Book Review: The Stranger Diaries by Elly Griffiths

For some time I’ve been a fan of Elly Griffiths’ crime series featuring forensic archaeologist Ruth Galloway and DCI Harry Nelson. Griffiths does a great job of creating interesting plots around the watery in-between places of Norfolk, with all the ancient and not-so-ancient history of the setting. She also does terrific characters and has an engaging style that is hard not to like. Her Stephens and Mephisto series is equally well crafted, so I knew I would be in safe hands with the standalone novel The Stranger Diaries.

The story takes place in a small English town where Clare Cassidy teaches English at the local comprehensive school and where her daughter is a student. The old part of the school was once the house of Victorian ghost story writer, R M Holland, and in her spare time Clare is writing a book about his life and the questions around his wife whose ghost still haunts the school.

Clare’s a single mum and has built a pleasantly quiet life with a few friends, until one of them ends up dead. Fellow English teacher Ella has been discovered stabbed to death in her home and the police think it was someone she knew. Clare deals with this in her usual way, by confiding in her diary, but gets an unpleasant surprise when someone starts adding eery messages in spiky Italic writing.

The story is narrated by Clare, her daughter Georgie and also DS Habinder Kaur. Clare is a fairly intangible character (other characters find her cool) and lost in the world of Holland and his famous story ‘The Stranger’ (which is cleverly told in chunks throughout the book), seems to find reality hard to grasp. This makes her the perfect protagonist for things to happen to.
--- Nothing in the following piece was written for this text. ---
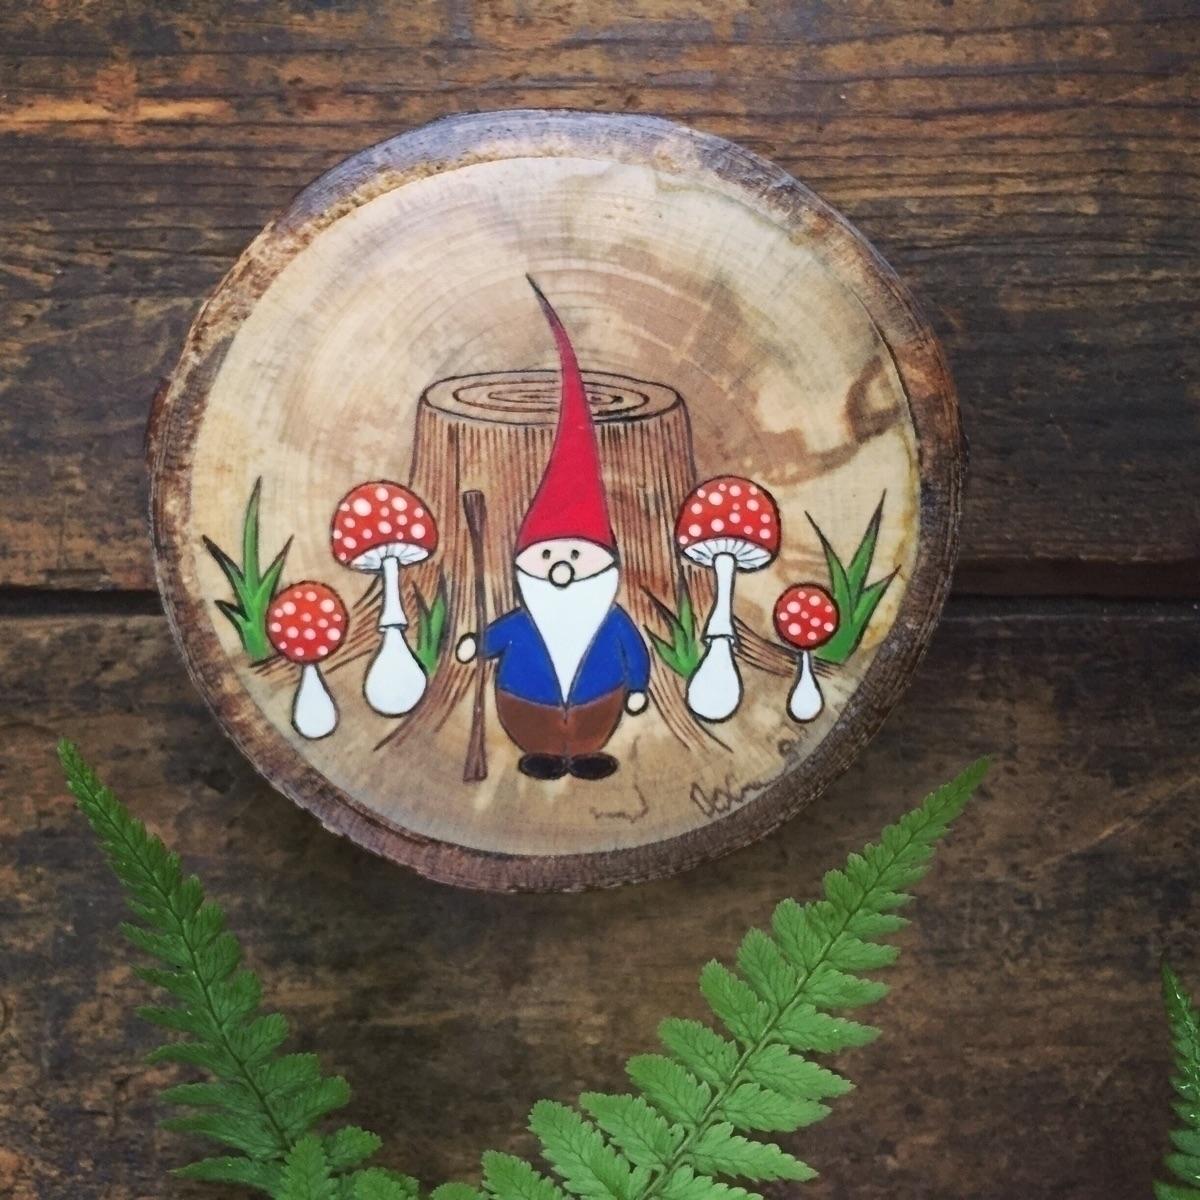 Gnome home - forestfriend, woodland - forageworkshop | ello

Harbinder is everything Clare is not: gutsy, to the point, and as an ex-pupil of the school, has plenty of interesting stories of her time there. She also lives at home with her parents (and her mum’s wonderful cooking) and dodges the issue of telling them she’s gay by throwing herself into her work. But this case has got her stumped.

The story builds to a thrilling ending as the killer looms ever closer and the cops eventually catch up. As usual Griffiths creates an atmospheric setting, with the haunted Holland house plus Halloween, while her short-story, ‘The Stranger’, would have done M R James proud. I wonder if he was an inspiration for the novel. My only grouch is I found Clare a wishy-washy sort of character; thank goodness for the determined DS Kaur and wilful young Georgie, who give the narration some balance. The supernatural is evoked without seeming ridiculous (ghosts and witchcraft) while DS Kaur grounds us in the real world. This is a light, entertaining read: three and a half out of five from me.